I carried out some tests with this at the weekend and I do think having the flap open without sport mode on does effect the quality / performance of the car , for the worse !! :?


----------



## billyali86 (Jul 26, 2011)

My exhaust valve was stuck, was becoming too much, car just feels unrefined with it open on all the time. Sorted today with some wd40


----------



## alexp (Jun 25, 2013)

So I gather from the comments this is not worth doing on the TTS?


----------



## gogs (Dec 22, 2010)

I did it on Friday, not noticed much if any difference yet but then again I've not driven it that far yet, back to work tomorrow so will see how that goes

Sent from my iPhone using Tapatalk


----------



## moro anis (May 27, 2010)

Candyturbo said:


> I carried out some tests with this at the weekend and I do think having the flap open without sport mode on does effect the quality / performance of the car , for the worse !! :?


+1. Said that some time ago


----------



## moro anis (May 27, 2010)

alexp said:


> So I gather from the comments this is not worth doing on the TTS?


Absolutely correct. I think it messes with the ECU making it believe a different state of vacuum and fueling accordingly resulting in increased consumption, lethargic performance for an undetectable change in exhaust note.


----------



## gogs (Dec 22, 2010)

Oh well maybe I'll be switching back tomorrow night !

Sent from my iPhone using Tapatalk


----------



## SDZ007 (Jul 31, 2014)

I didnt notice any decrease in performance on my tts.


----------



## pespie (May 19, 2008)

SDZ007 said:


> I didnt notice any decrease in performance on my tts.

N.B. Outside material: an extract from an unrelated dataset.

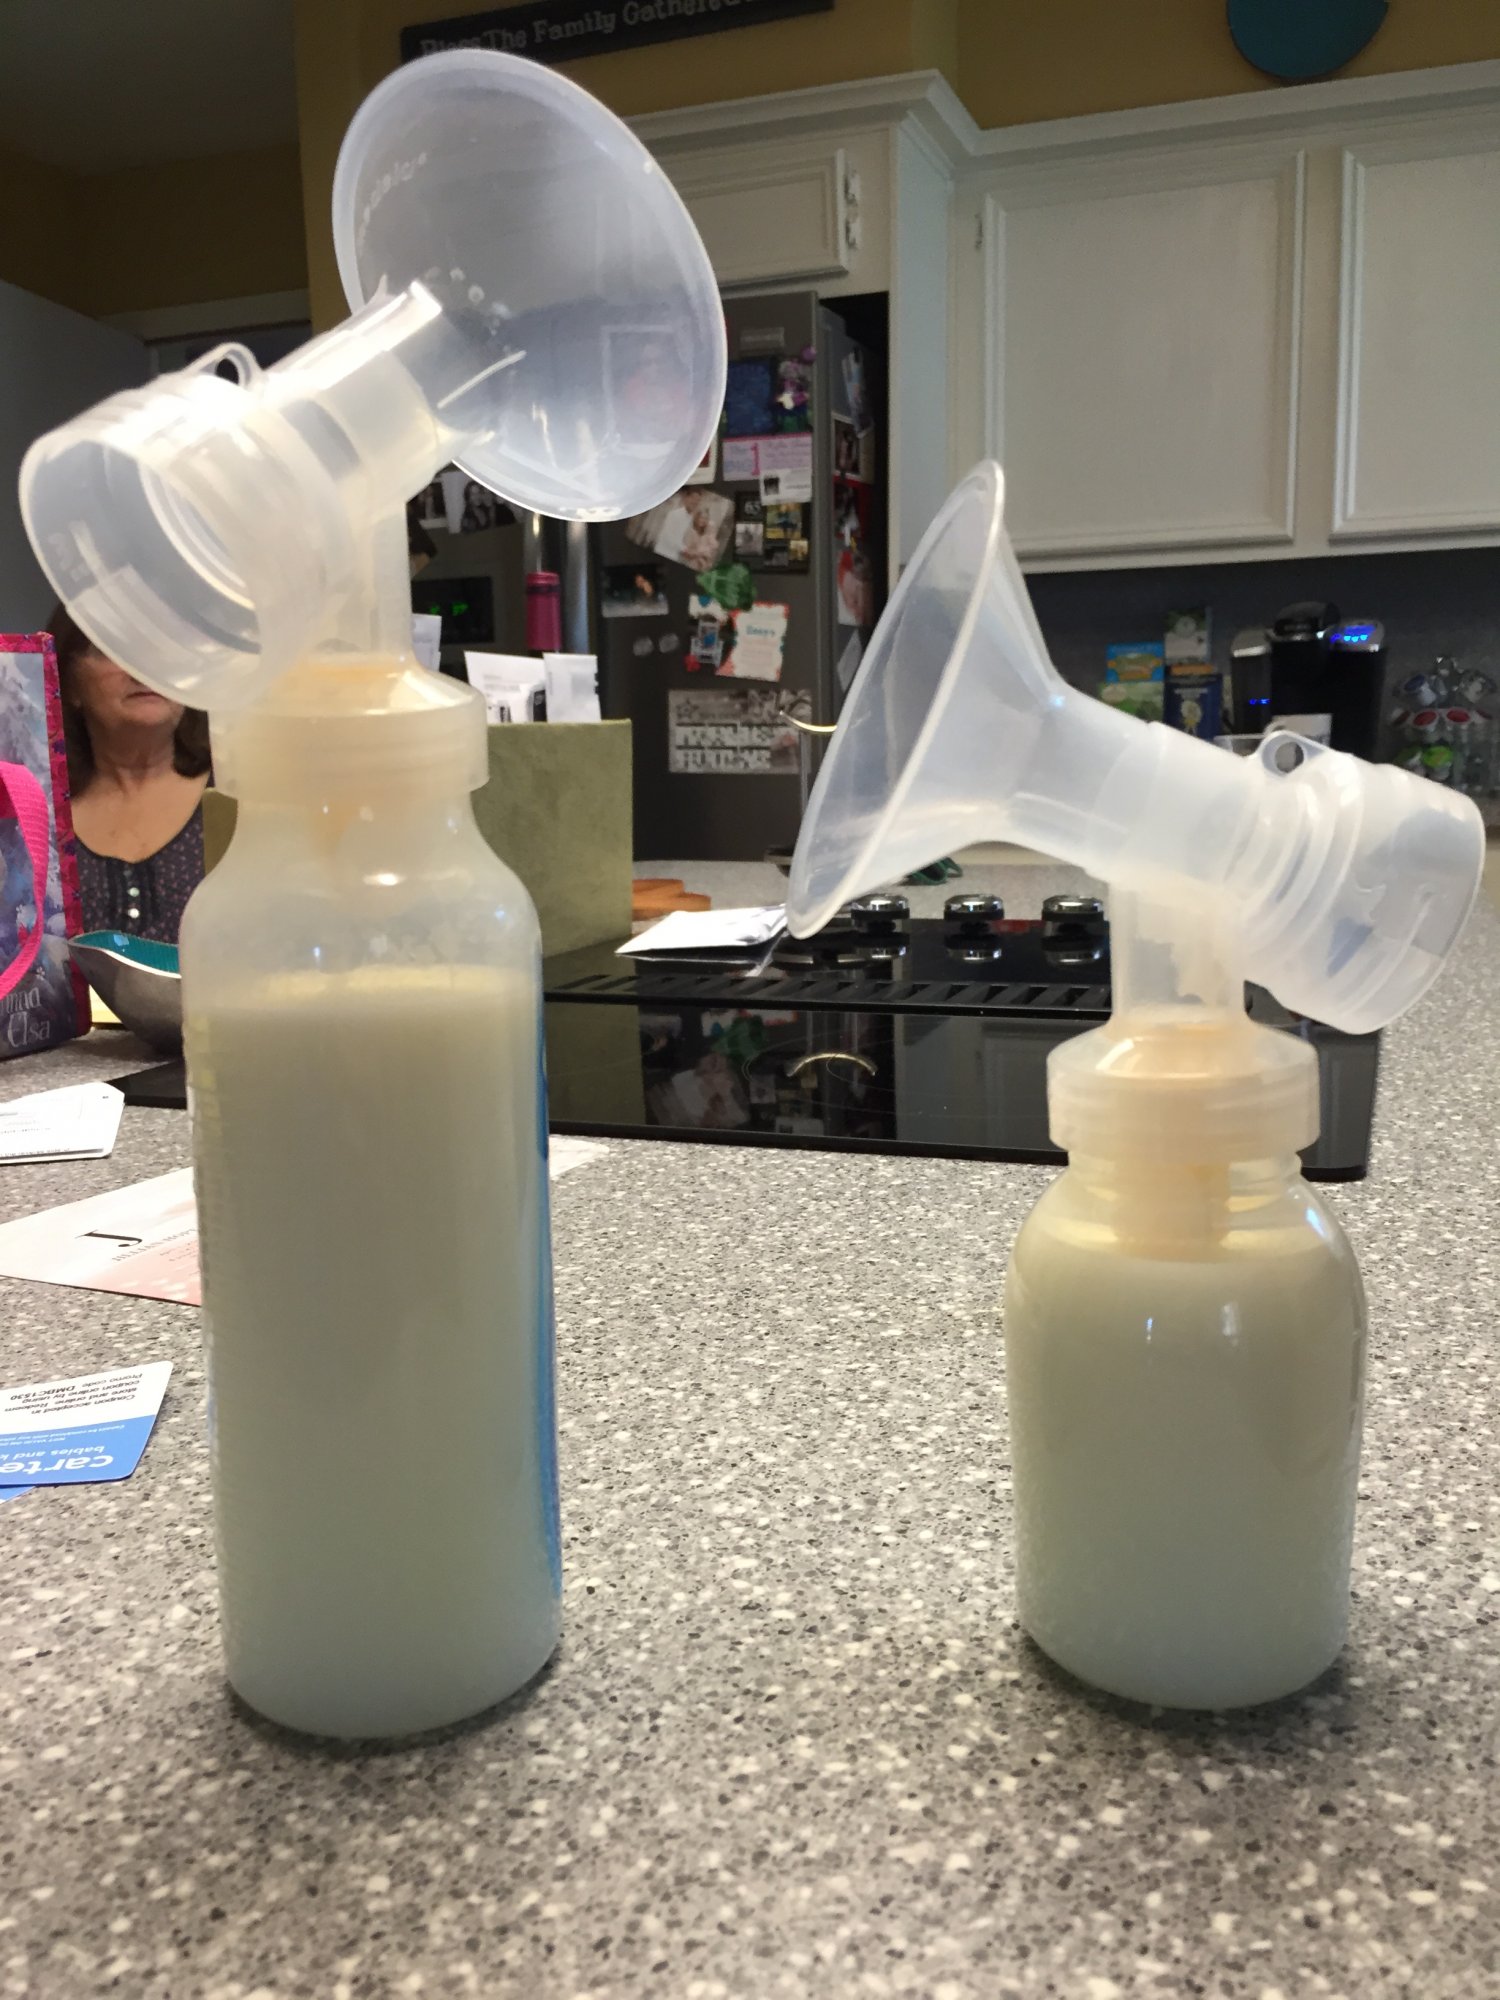 Two full bottles of recently pumped breastmilk

Neither did I and the exhaust is definitely much louder, even more so if you fold over the boot floor. Nothing wrong with my fuel economy either, last weekend averaged 34mpg for 320 miles (on the heavy summer wheels) and still had 75 miles range left.


----------



## eastwood1875 (Jun 21, 2013)

Haven't noticed any performance drop myself and its deffo louder. Cold start is almost too loud 

Lots of pops and burbles in 1st and 2nd when pulling to a stop. I do have the scorpion de-cats maybe that makes a difference?

Daz


----------



## Adams RS (Aug 28, 2013)

eastwood1875 said:


> Haven't noticed any performance drop myself and its deffo louder. Cold start is almost too loud
> 
> Lots of pops and burbles in 1st and 2nd when pulling to a stop. I do have the scorpion de-cats maybe that makes a difference?
> 
> Daz


Yeah the same does sound good!


----------



## Adams RS (Aug 28, 2013)

Candyturbo said:


> I carried out some tests with this at the weekend and I do think having the flap open without sport mode on does effect the quality / performance of the car , for the worse !! :?

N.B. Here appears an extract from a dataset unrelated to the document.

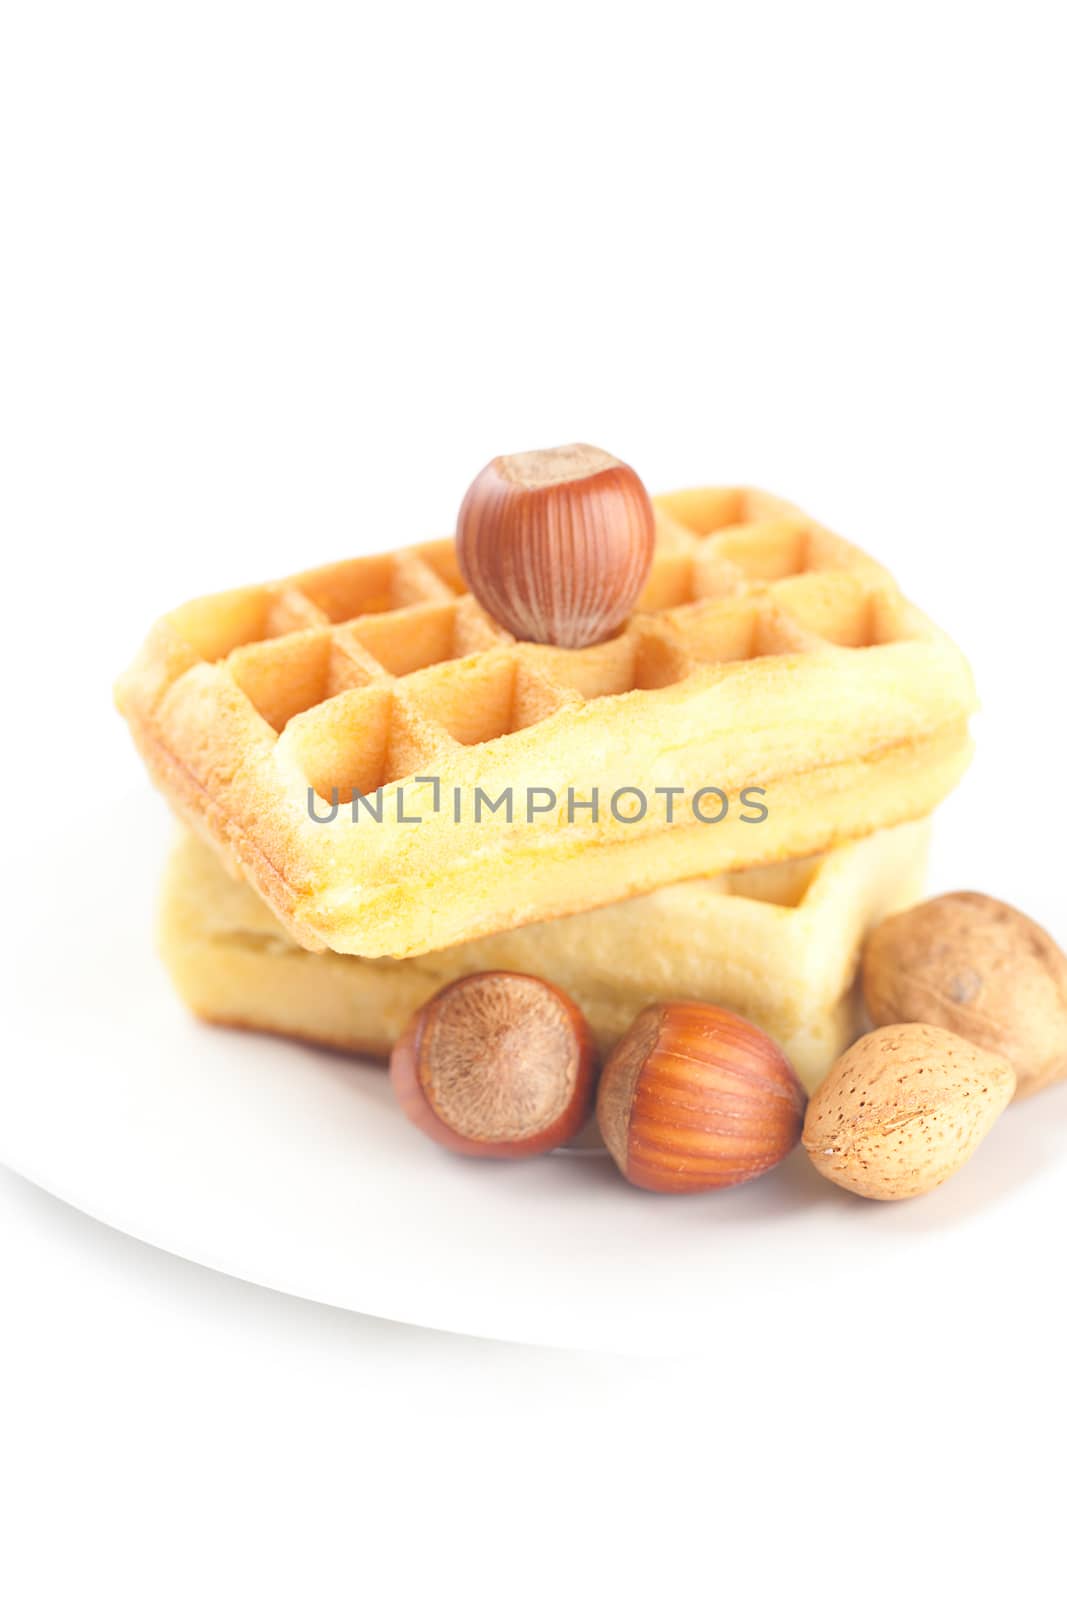 Belgian waffles and nuts on a plate isolated on white

What tests did you do if you don't mind me asking?


----------



## gigeorge (Apr 2, 2014)

Gonna have to look this up..


----------



## Denty (Feb 14, 2014)

Doing the flapper mod does not cause any drop in performance, that's an impossabity. The only difference is it'll be louder and slightly more free flowing due to the dual exit exhaust's rather than one.

Honestly these people that say it effects performance are talking out of their prospective butts! With a turbo engine you want less back pressure as possible, its not like an n/a engine....


----------



## Denty (Feb 14, 2014)

moro anis said:


> alexp said:
> 
> 
> > So I gather from the comments this is not worth doing on the TTS?
> ...


Nah sorry but that's all untrue. :lol:


----------



## eastwood1875 (Jun 21, 2013)

I couldn't see it making a difference to be honest as the ECU thinks its working anyway otherwise it would throw an error code?
Phil aka Spaceman has a standard(well not mapped) RS with the flapper mod and he has a digital boost gauge. Would be interesting to see what his 0-60/0-100 times are. I really like the extra noise to be fair and the 5CYL engine sounds fairly rough and agricultural anyway. I'm loving the cold start and the pops and burbles in 1st and 2nd. Also like the fact I can run the exhaust in 'S' mode all the time without the stupidly light throttle and the flap opening and shutting around town.

With the secondary bypass pipes and the Audi sports exhaust I'm content with the raspier tone and don't feel the need for a whole new system.

Just my thoughts, each to their own and all that.

Daz


----------



## bhavin85 (Sep 20, 2013)

eastwood1875 said:


> I couldn't see it making a difference to be honest as the ECU thinks its working anyway otherwise it would throw an error code?
> Phil aka Spaceman has a standard(well not mapped) RS with the flapper mod and he has a digital boost gauge. Would be interesting to see what his 0-60/0-100 times are. I really like the extra noise to be fair and the 5CYL engine sounds fairly rough and agricultural anyway. I'm loving the cold start and the pops and burbles in 1st and 2nd. Also like the fact I can run the exhaust in 'S' mode all the time without the stupidly light throttle and the flap opening and shutting around town.
> 
> With the secondary bypass pipes and the Audi sports exhaust I'm content with the raspier tone and don't feel the need for a whole new system.
> ...


Reading this has just made me go down to the garage and cable tie up the little pipe...looking forward to my next drive now


----------



## eastwood1875 (Jun 21, 2013)

bhavin85 said:


> eastwood1875 said:
> 
> 
> > I couldn't see it making a difference to be honest as the ECU thinks its working anyway otherwise it would throw an error code?
> ...


Let me know what you think dude - I love mine


----------



## SuperRS (Mar 7, 2012)

It's a turbo car!!!!!!!

You want the least amount of backpressure possible on a turbo car under any scenario.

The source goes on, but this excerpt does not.